Nuestra opinión: Tan pronto como el gran pájaro parlante que también es la Muerte rapea junto con Cube, sabes que el martes será divisivo. Tal vez Pusic esté haciendo que todo esto sea demasiado extraño; tal vez esté poniendo a prueba los límites de nuestra tolerancia al realismo mágico. Pero no se puede negar que es atrevida y más que un poco loca, lo que convierte otra película lacrimógena sobre Grief And Loss en una comedia oscura y absurda que se siente arraigada en mitos clásicos y apunta a hacer observaciones profundas sobre las inevitabilidades de la existencia. No termina de fusionarse tonalmente y sus ironías tienden a ser exageradas (por ejemplo, el martes es tranquilo y, mientras está conectado a un tanque de oxígeno, instruye a todos los que la rodean a inhalar y exhalar durante los ataques de ansiedad causados por su condición). pero no puedes evitar admirar los riesgos que corre Pusic en pos de una visión distintiva.

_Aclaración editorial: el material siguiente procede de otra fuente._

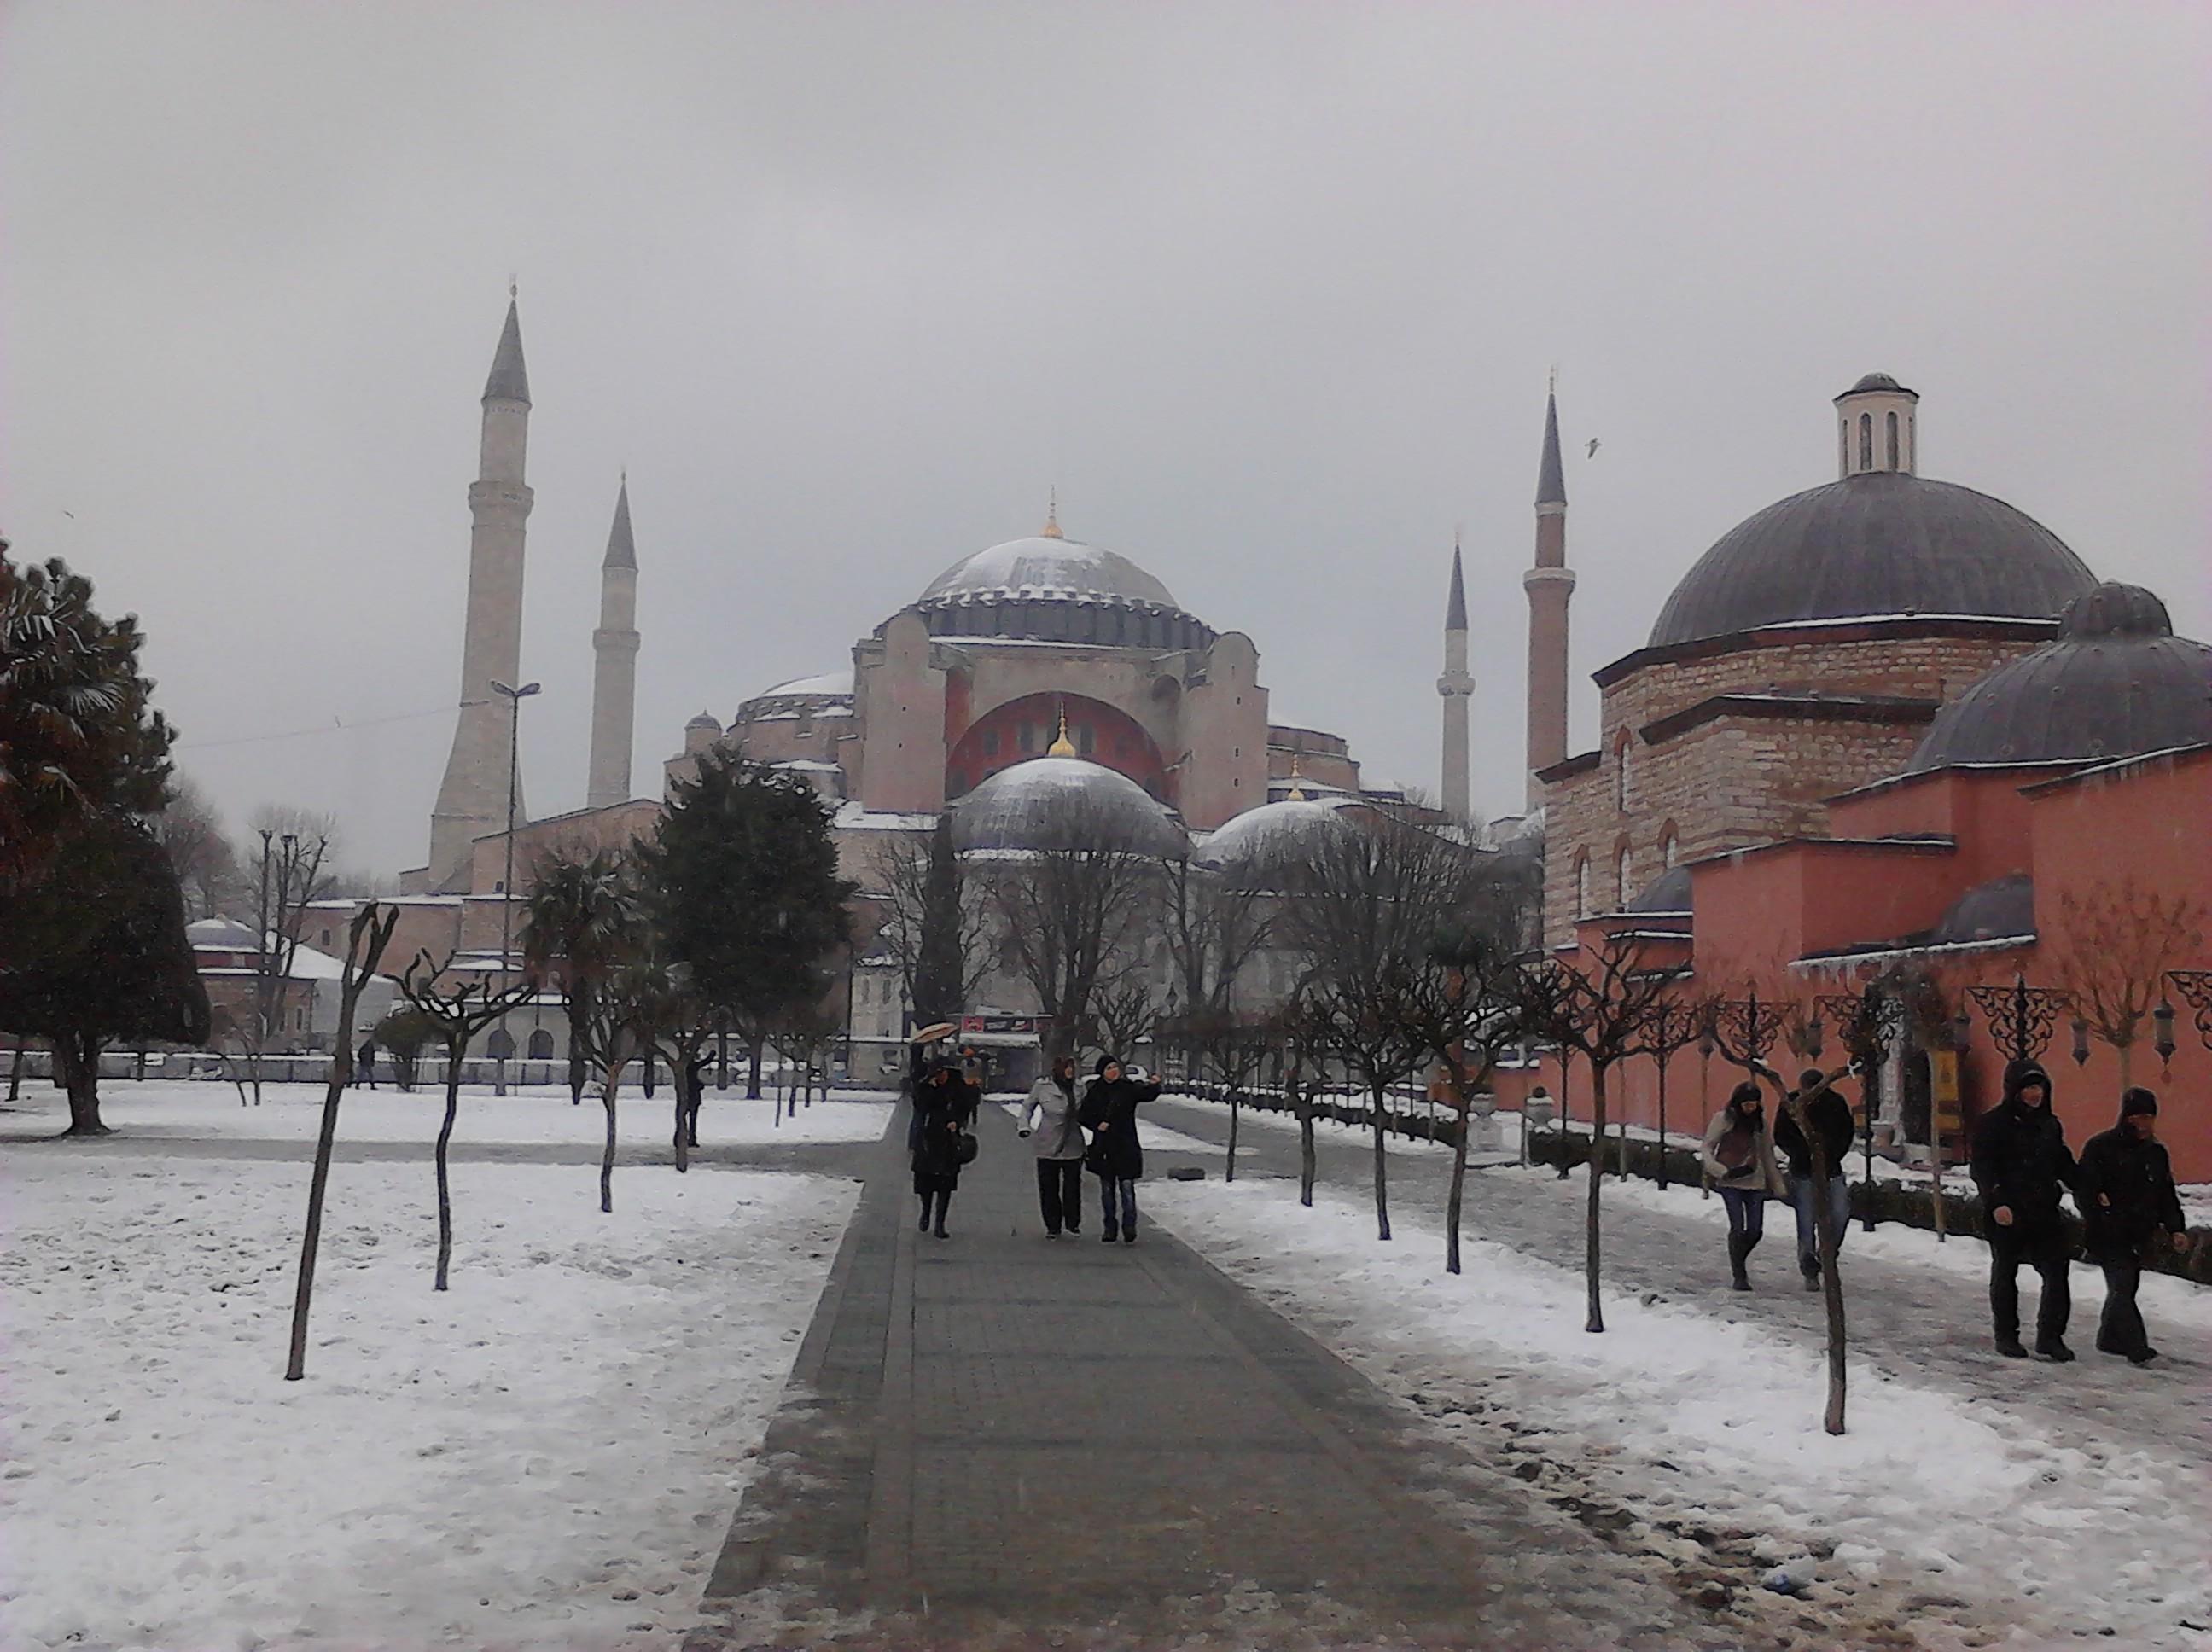 4y3txkgm - İstanbul'dan Kış Manzarası

¿Qué no era un riesgo? Elegir a Louis-Dreyfus para presentar la película, interpretando a una madre que no puede aceptar la realidad que tiene delante y ha perdido su amarre. Es un personaje absurdo y trágico que vende sus pertenencias, renuncia a su trabajo y poco a poco intenta convertirse en nada, con la esperanza de no poder sentir más todo este dolor o tal vez sacrificar lo suficiente de sí misma por el gran universo cósmico kármico para mantener el martes en este planeta. Todo esto se manifiesta en el subtexto de la actuación de Louis-Dreyfus, mientras el texto explora los extremos de su evasión y su ira compulsiva.

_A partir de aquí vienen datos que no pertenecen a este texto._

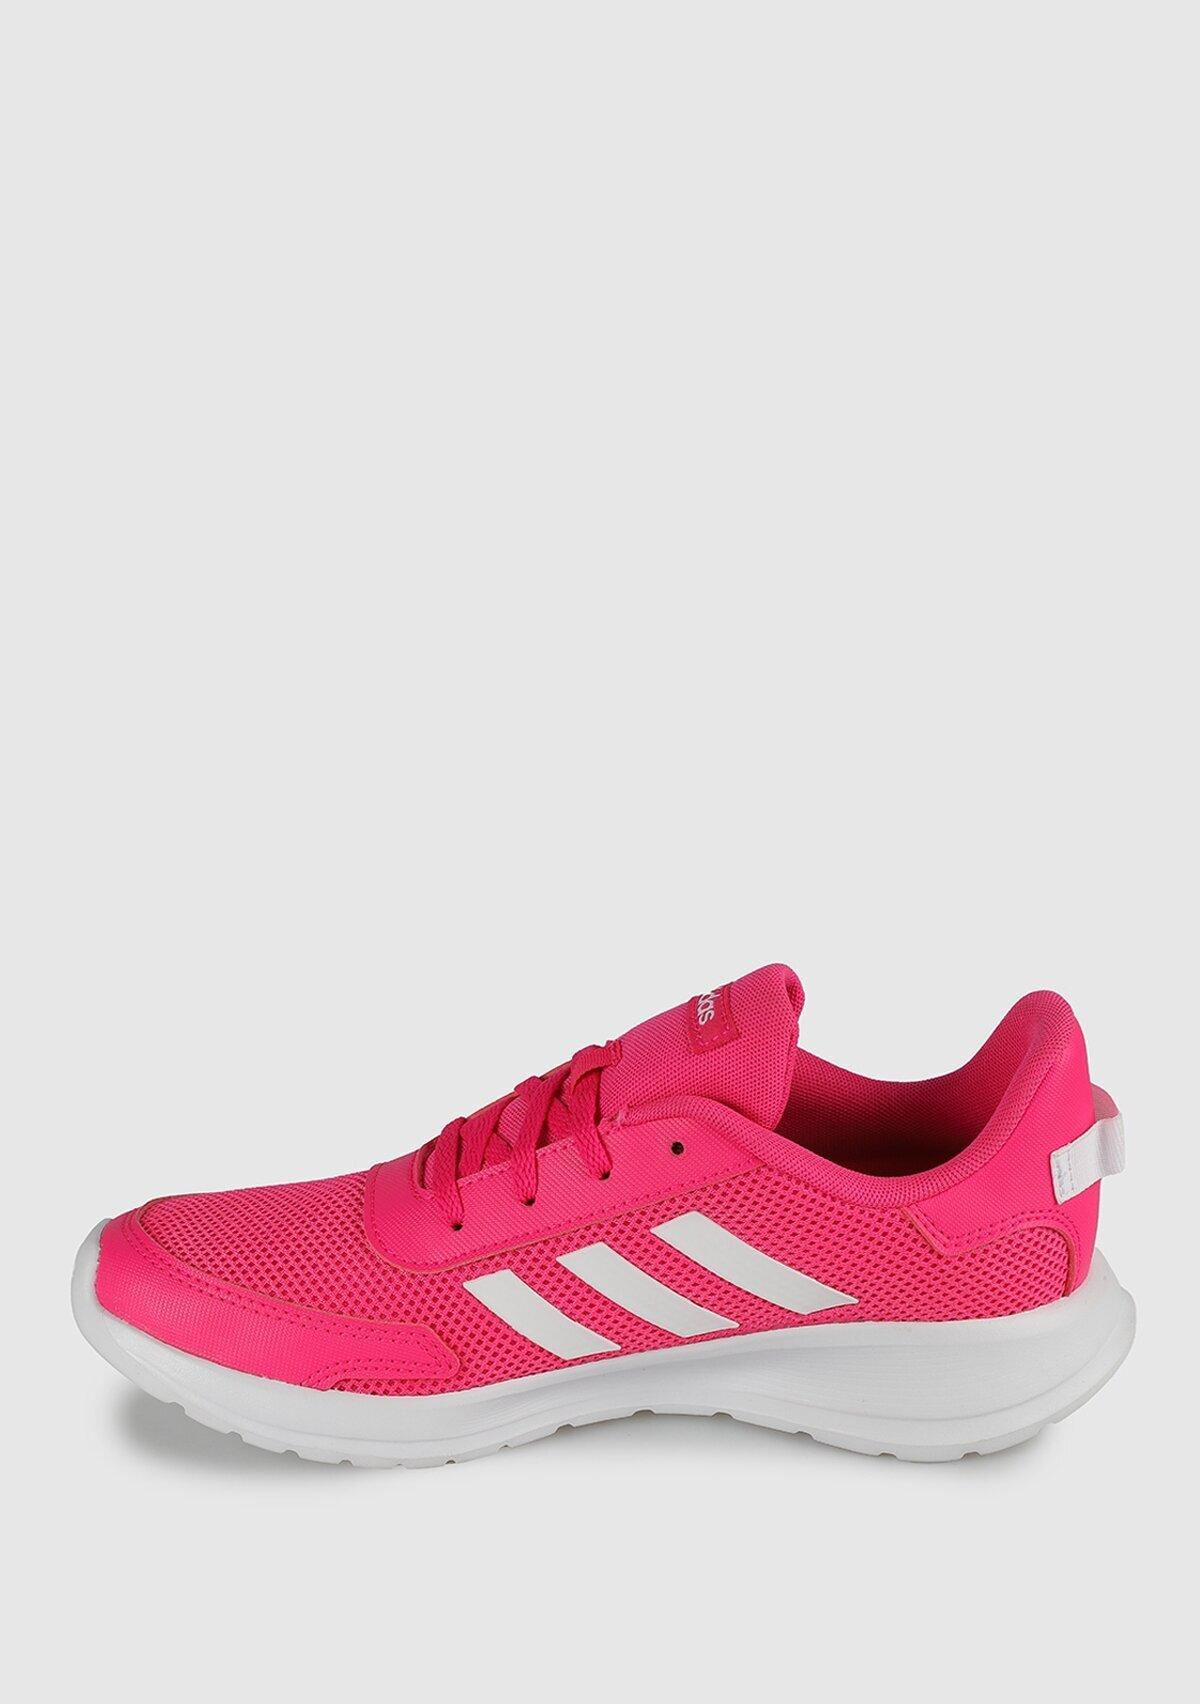 resm Tensaur Run K Pembe Unisex Koşu Ayakkabısı Eg4126

Mientras tanto, el mundo que rodea a estas personas (y al pájaro) se deteriora apocalípticamente mientras la Muerte se ausenta sin permiso, y la implicación es que las acciones de Zora son un intento de hacer que el mundo deje de girar, para mantener a su amada hija en estasis. No lo hará. No es así como funciona todo. Hay momentos en los que te sentirás alejado de la rareza que te espera el martes, pero cuando Louis-Dreyfus profundiza para encontrar el amor y la fuerza enterrados en su personaje, no hay más remedio que sentir conmovida por su sufrimiento, y comprender lo surrealista que es estar tan alarmante en presencia de la muerte.
Nuestra llamada: Julia Louis-Dreyfus salva el martes de ser demasiado raro o demasiado sensiblero. Eso no es poca cosa. TRANSMITIRLO.
John Serba es un escritor y crítico de cine independiente que vive en Grand Rapids, Michigan.